Last year, Krishtine De Leon went to Alameda to honor her late mother, and when she left began a new journey of peeling back another layer of who she is.
Her husband, Jonah Deocampo—a.k.a. rapper Bambu—had just finished putting their daughter on a bike and saw snakeskin lying on the ground. He pointed it out to De Leon, who felt like the remains meant something but wasn’t sure what. Now, after over a year-long process of shedding her own skin, the Filipina American MC takes fans on a retrospective journey of resilience through her first book, Snakeskin.
The 216-page book of personal essays, currently only available for purchase to her supporters on Patreon, documents De Leon’s growth as the fierce MC most fans recognize as Rocky Rivera.
She came up with the concept years ago—originally as a celebration of her tenth year as an independent artist. Through writing, she realized that it’s okay to outgrow older versions of yourself yet still be rooted in who you are—no b.s.—at your core.
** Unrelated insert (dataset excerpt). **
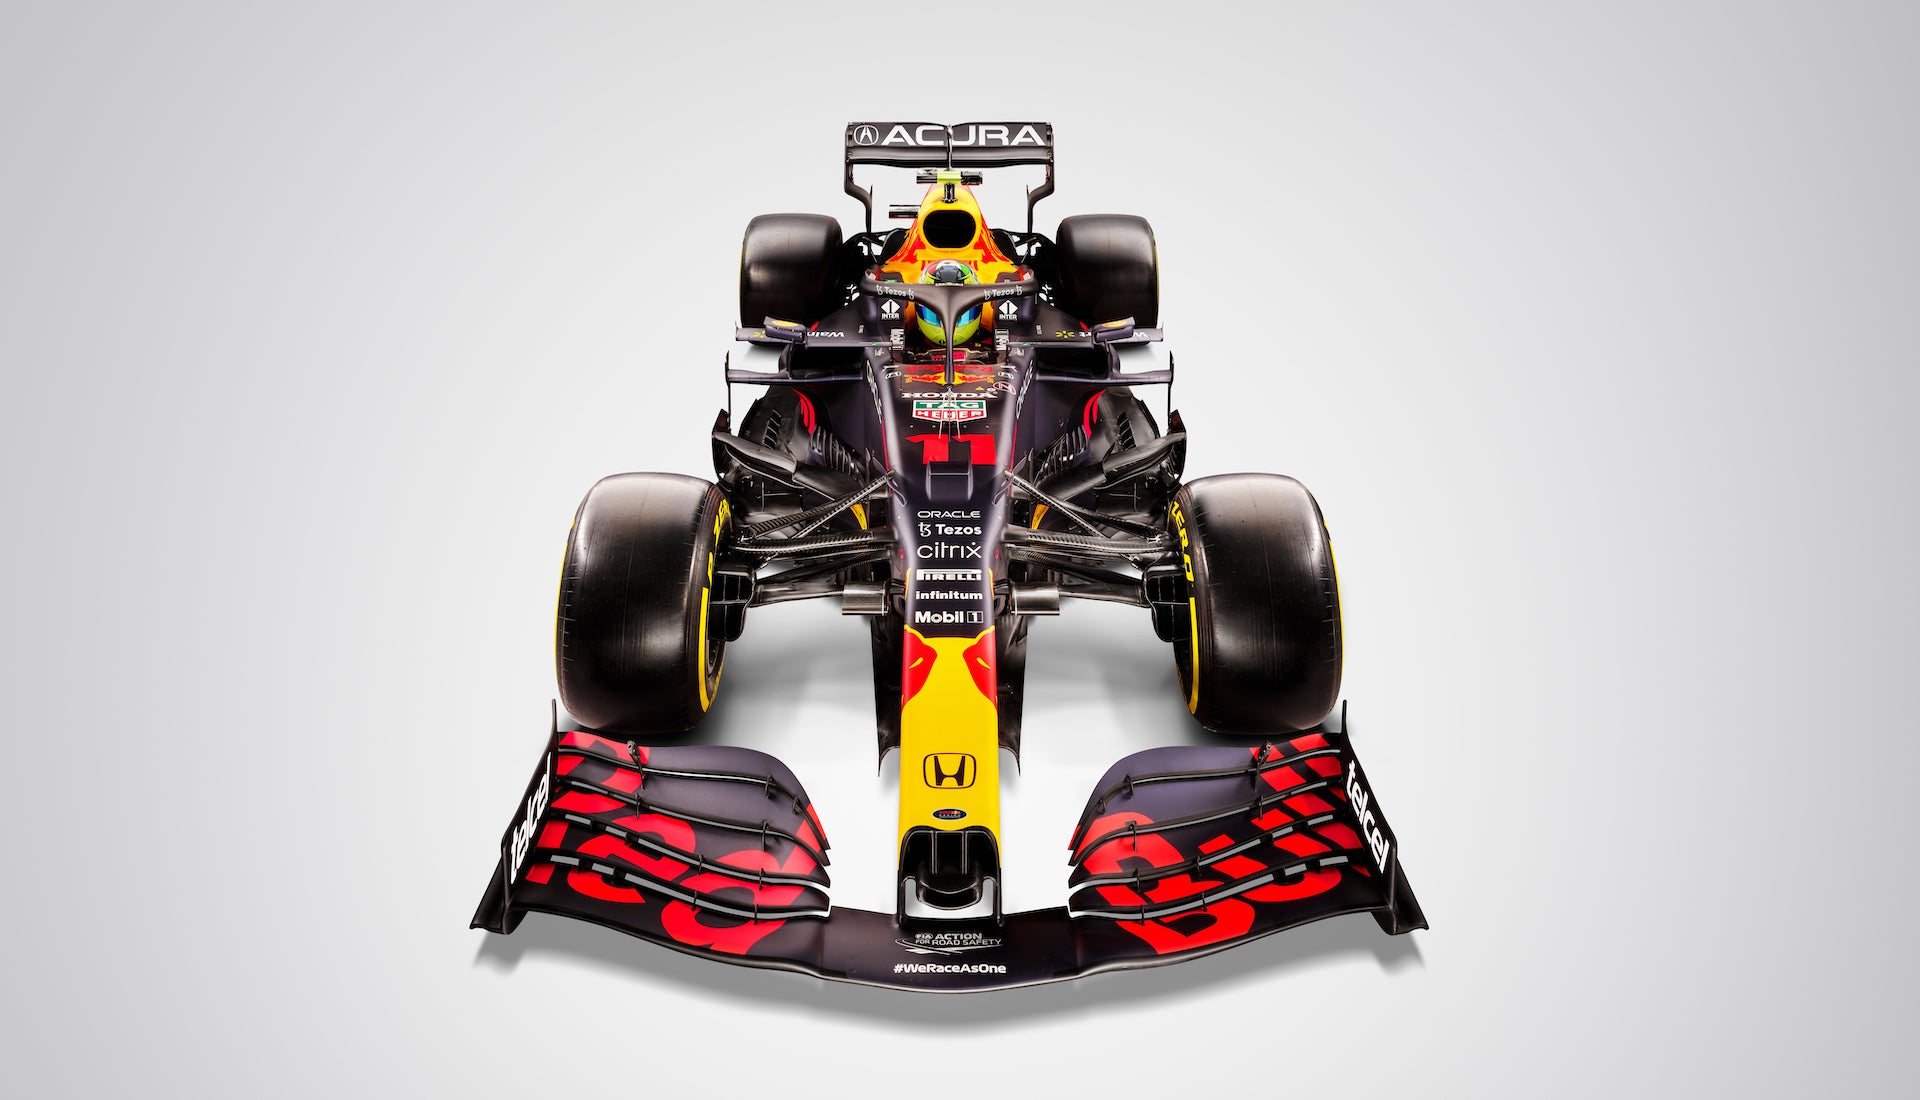 Acura Returns to F1 in Red Bull Livery for This Weekend's US Grand Prix

Before the birth of Rocky, De Leon was the editor-in-chief of Ruckus Magazine and a music journalist with bylines in Rolling Stone, XXL and The Source, interviewing top-shelf names like Wu Tang Clan, E-40 and Cassie. In 2018, she dropped her third album, Rocky’s Revenge, an 11-track tape with bass-heavy slaps that shed light on social inequities and give off Bay Area energy. Beyond her lyricism, she’s involved in community work as a youth educator and community organizer in Oakland.